**EXERCISE INSTRUCTIONS**. The pictures are to be left out, and all remaining data is to be transcribed exactly as it appears.

**DATA BLOCK**.
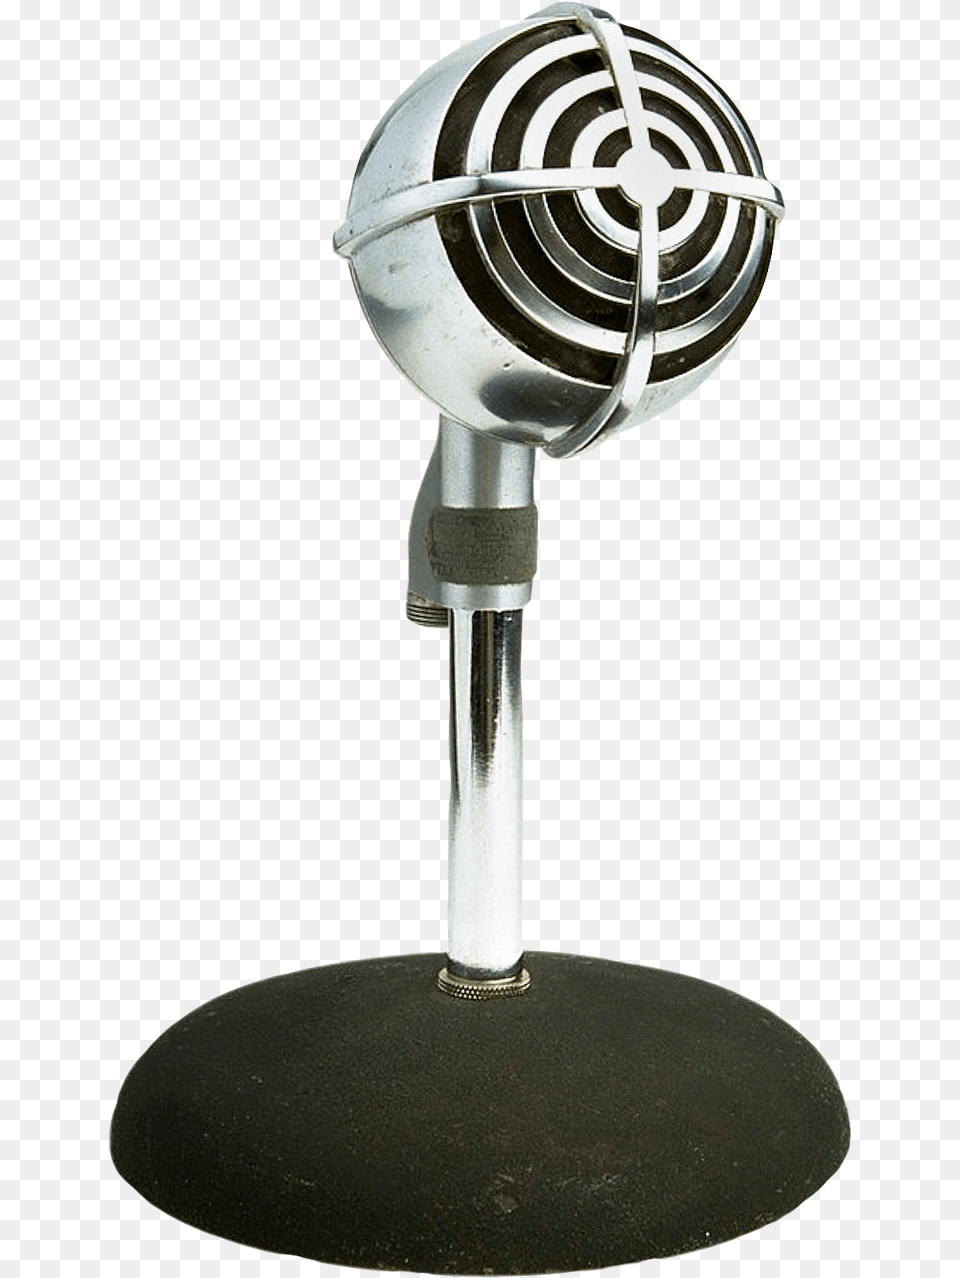 Retro Style Microphone Pngpix Microphone, Electrical Device, Mace Club, Weapon Png
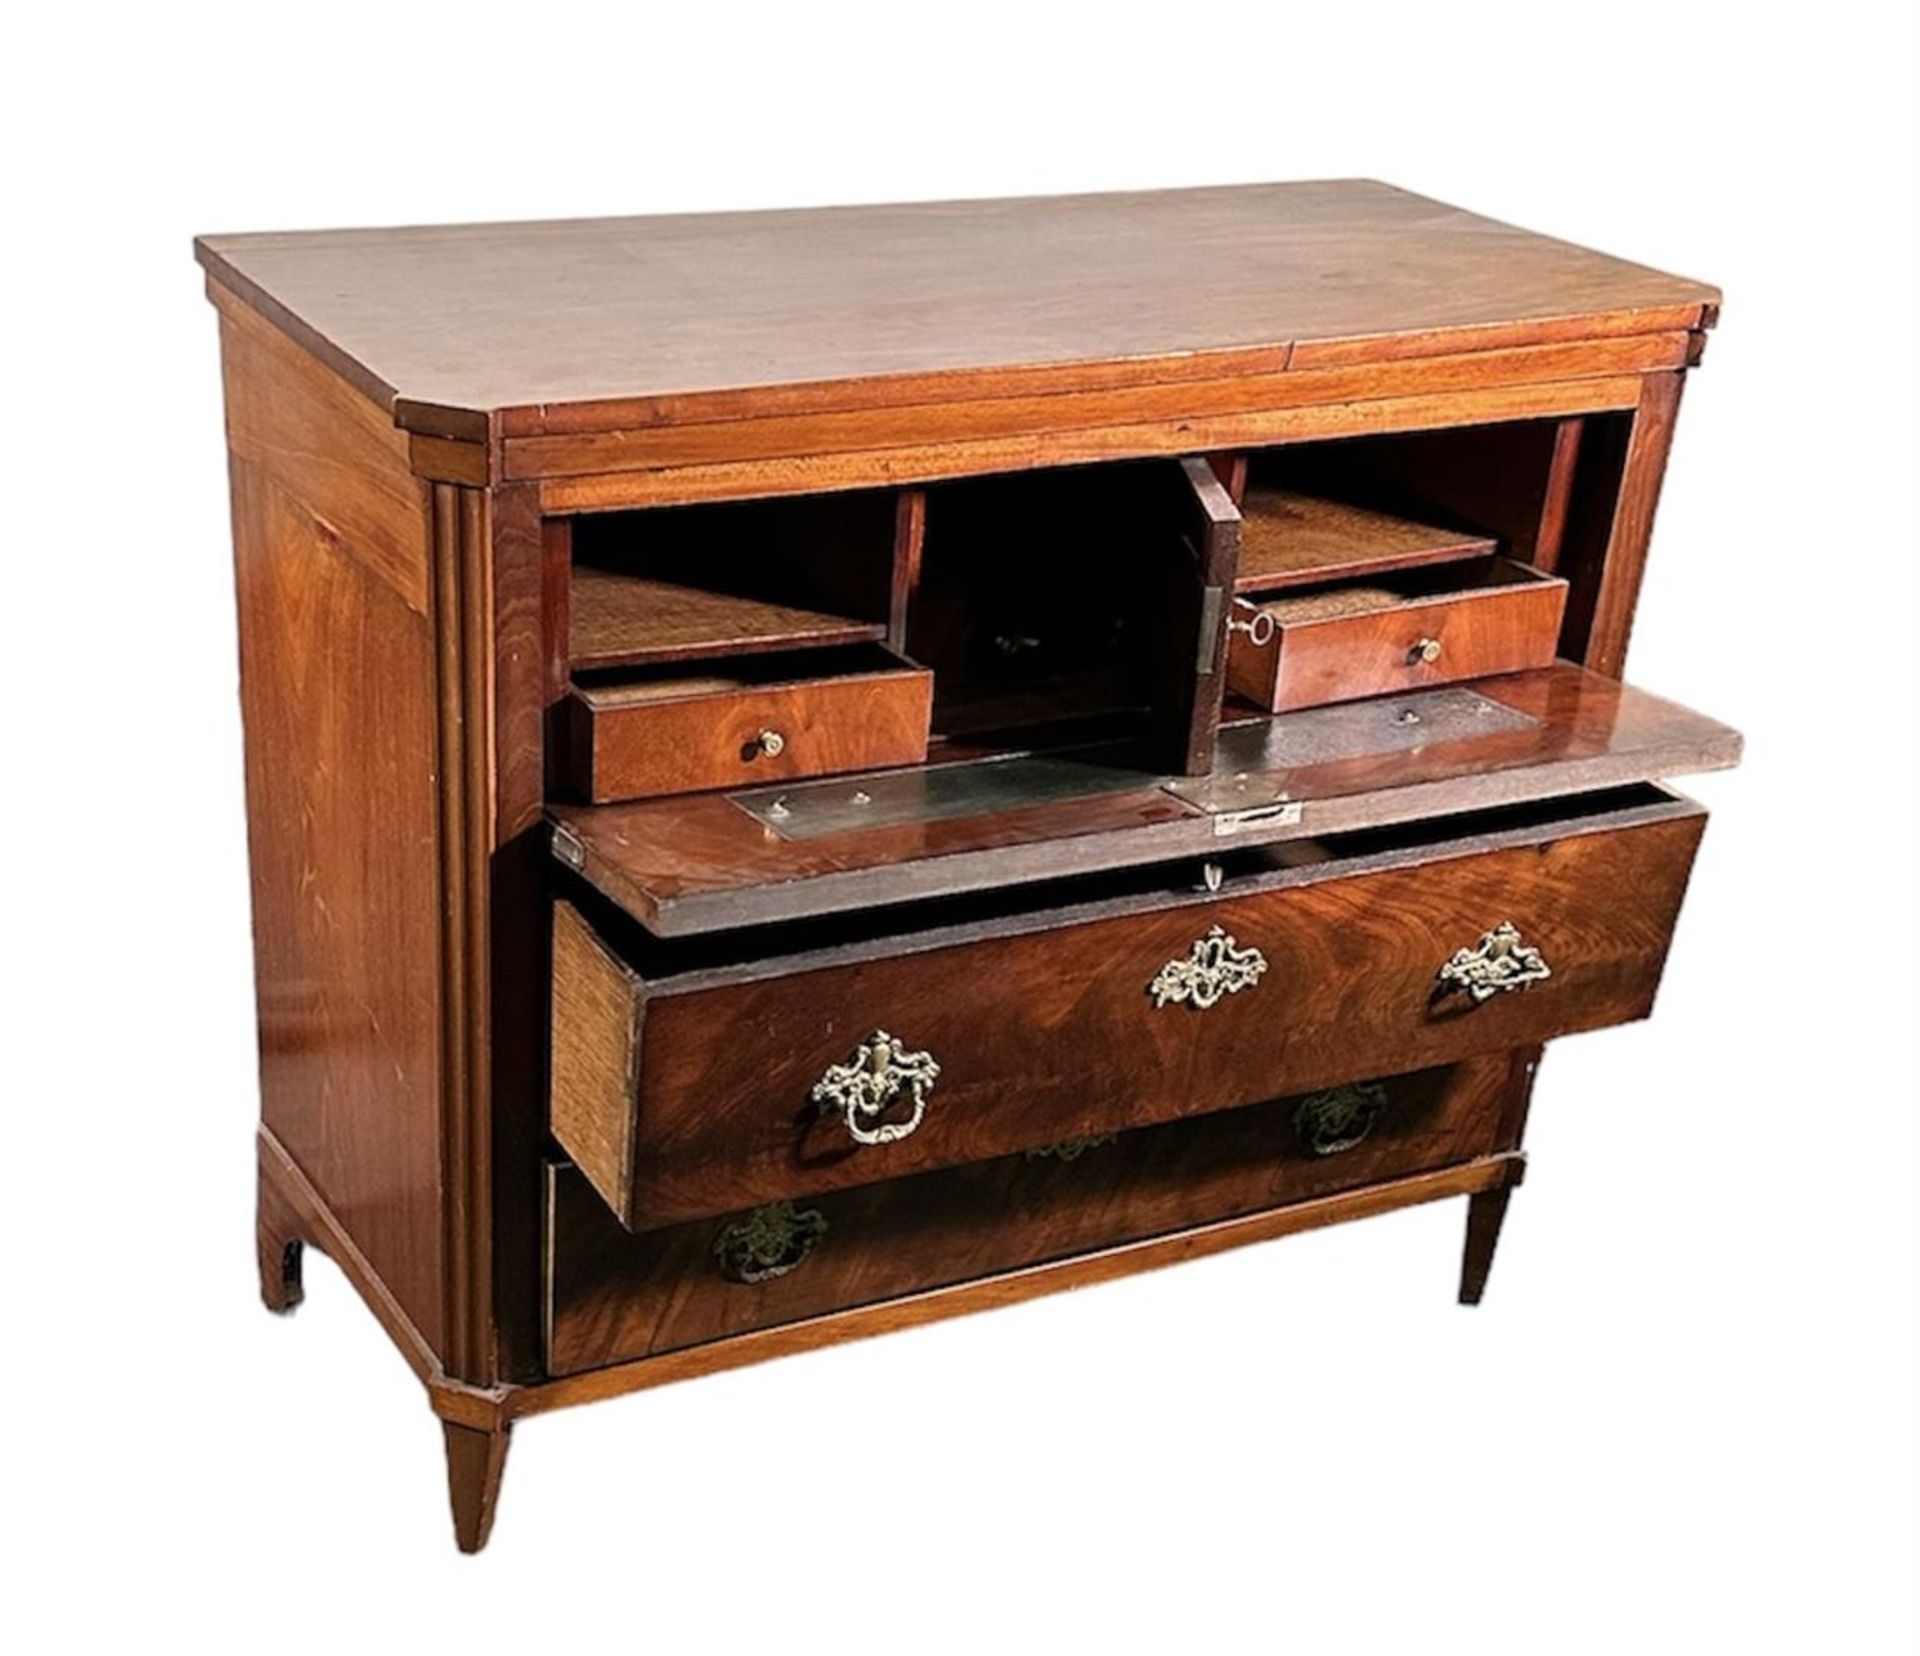 A mahogany three-drawer chest of drawers. The top drawer tilts and becomes a disc table. ca. 1780.
8

**EXERCISE RESULT**.
 Retro Style Microphone Pngpix Microphone, Electrical Device, Mace Club, Weapon Png
 A mahogany three-drawer chest of drawers. The top drawer tilts and becomes a disc table. ca. 1780.
8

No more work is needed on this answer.